Vincent Diamante, Blogger

March 24, 2006

10 Min Read


Will Wright, the former champ bowed out from participating this year.


Only in its third year here at the Game Developers Conference, the annual Game Design Challenge is already one of the highlights of the lecture series. Like years previous, the contestants presented their ideas before a packed house. Unlike year previous, one of those contestants was not Will Wright.

Will, explained host Eric Zimmerman of gameLab, insisted that he be able to step quietly out of the challenge for this year rather than defend his title, as he did successfully last year in a challenge involving licensing Emily Dickinson's poetry. While Eric had little problem granting that request, he couldn't let Will be totally out of the limelight during this year's challenge: the sight of Will being crowned with a shiny tiara garnered roars of applause from the appreciative crowd.

This year, three new contestants had a shot to take the tiara away from Will. First was Harvey Smith, Studio Creative Director at Midway, most famous for his work in the Deus Ex and Thief series of games. Next was Cliff Bleszinski, Lead Designer at Epic Games who continues to work on the Unreal series. Third was Keita Takahashi of Namco, creator of the hit Katamari Damacy series.

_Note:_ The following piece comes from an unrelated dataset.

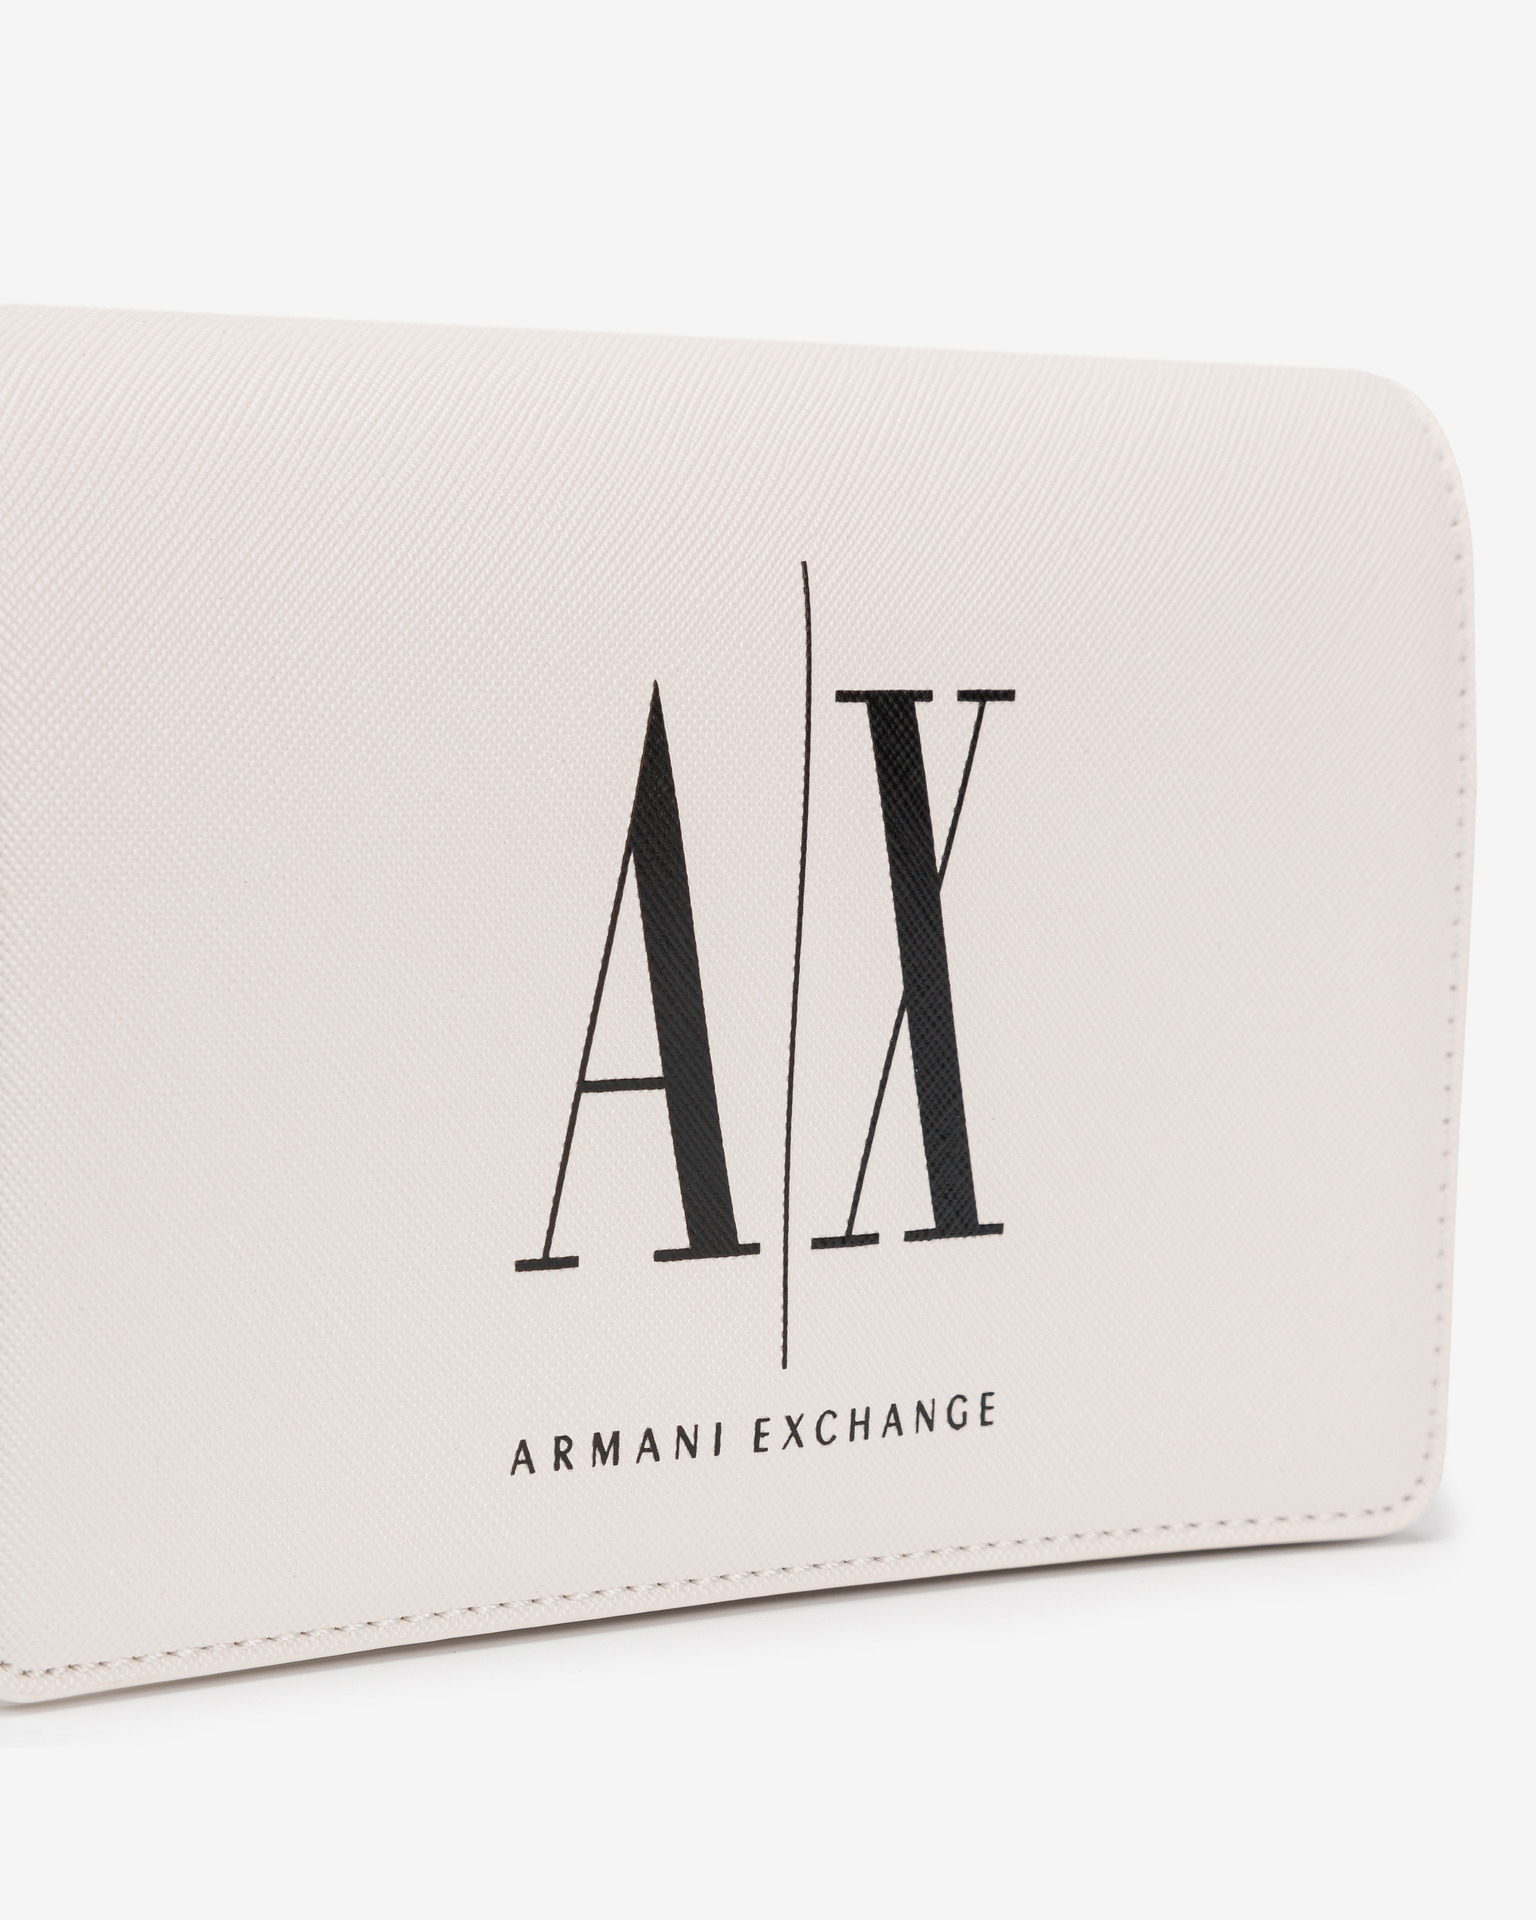 Armani Exchange bianco borsetta
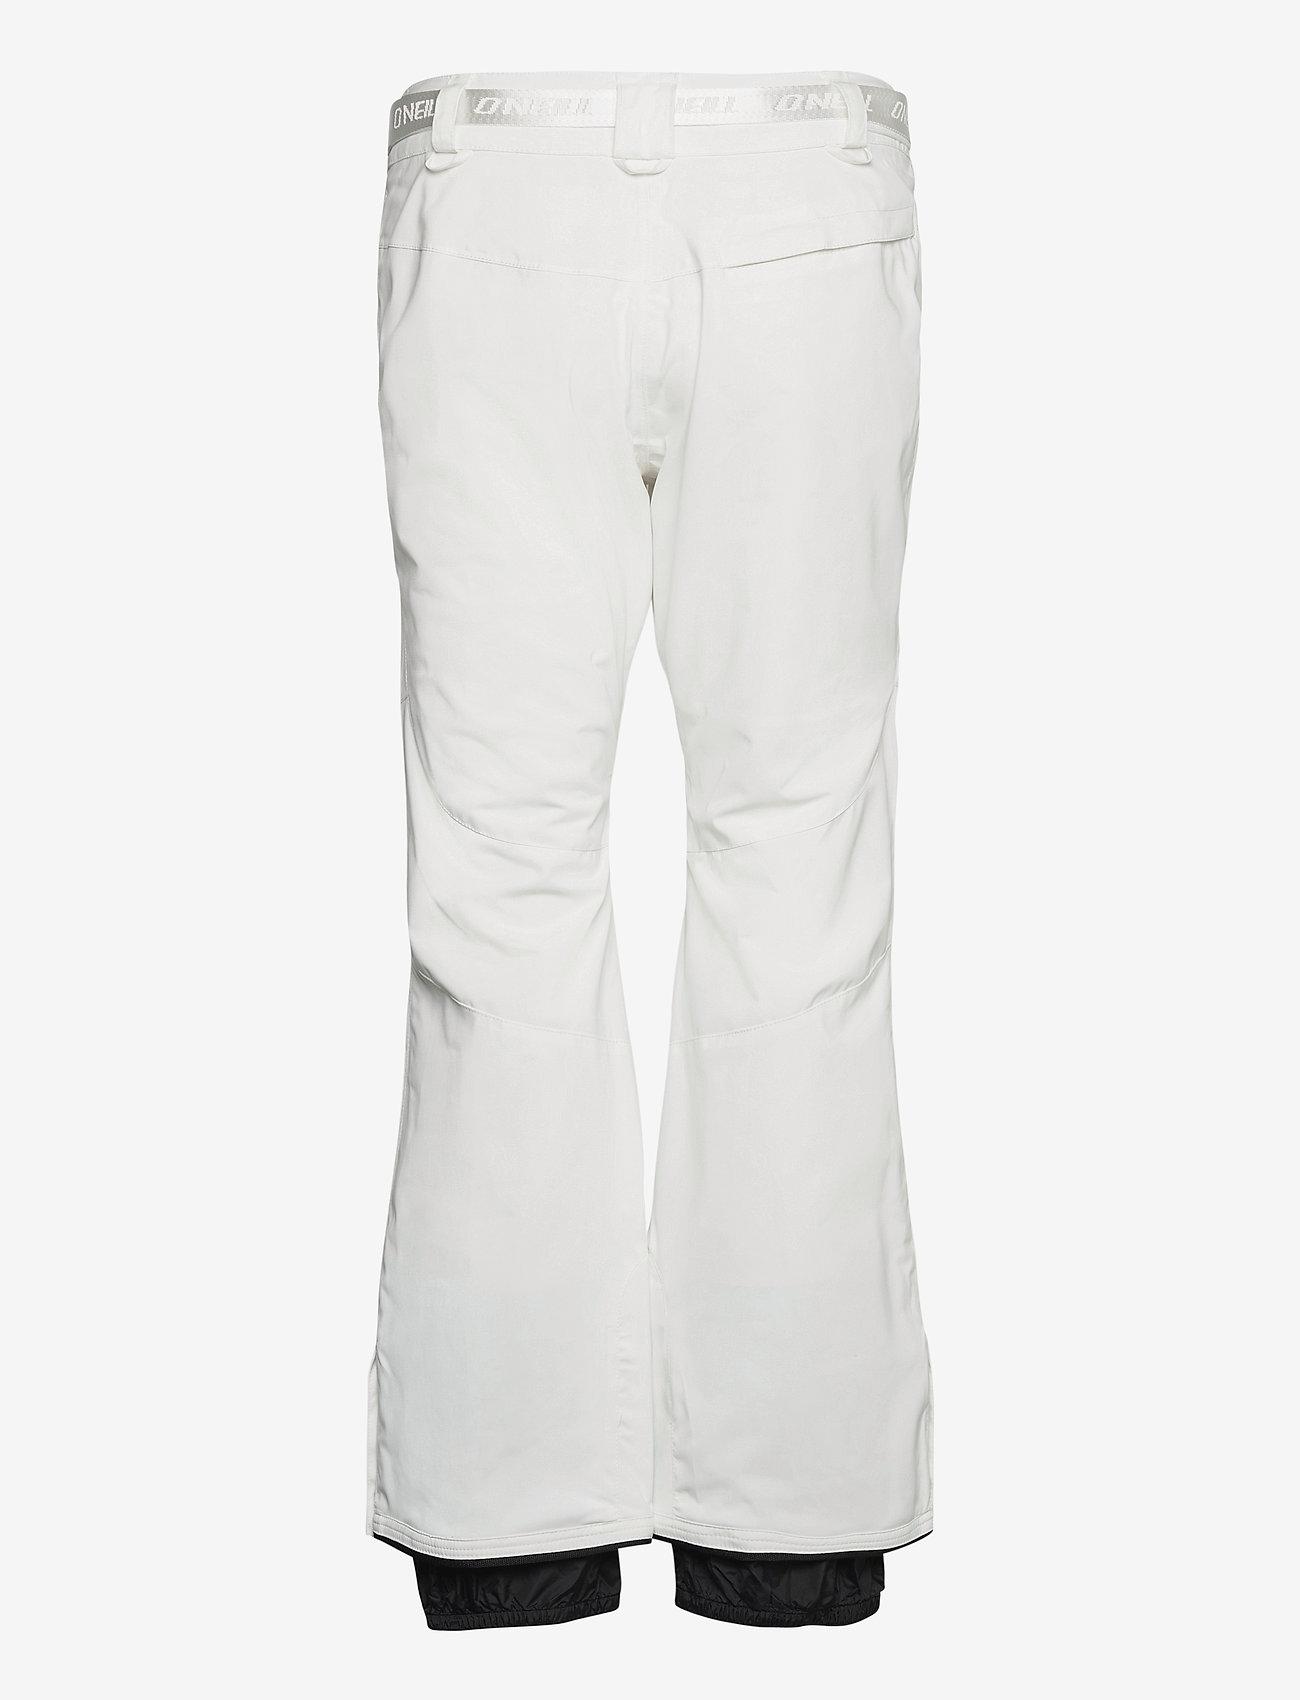 O'Neill - PW STAR SLIM PANTS - skibroeken - powder white - 1

The Game Design Challenge that faced these designers was, like previous years, spawned as a commentary to the current state of the game industry. Issues of violence and emotional space in games led to the first challenge: create a love story. Licensing activity and questions created the second: what to do with the Emily Dickinson license. In light of the Game Developers Conference's Serious Games track as well as the recent formation of many serious games organizations and gatherings, this year's challenge pushes game designers to create a game that involves the Nobel Peace Prize in some way. The game need not be designed explicitly to win the fabled prize; other valid approaches include coercing players into winning the prize or creating a game about the Nobel Peace Prize.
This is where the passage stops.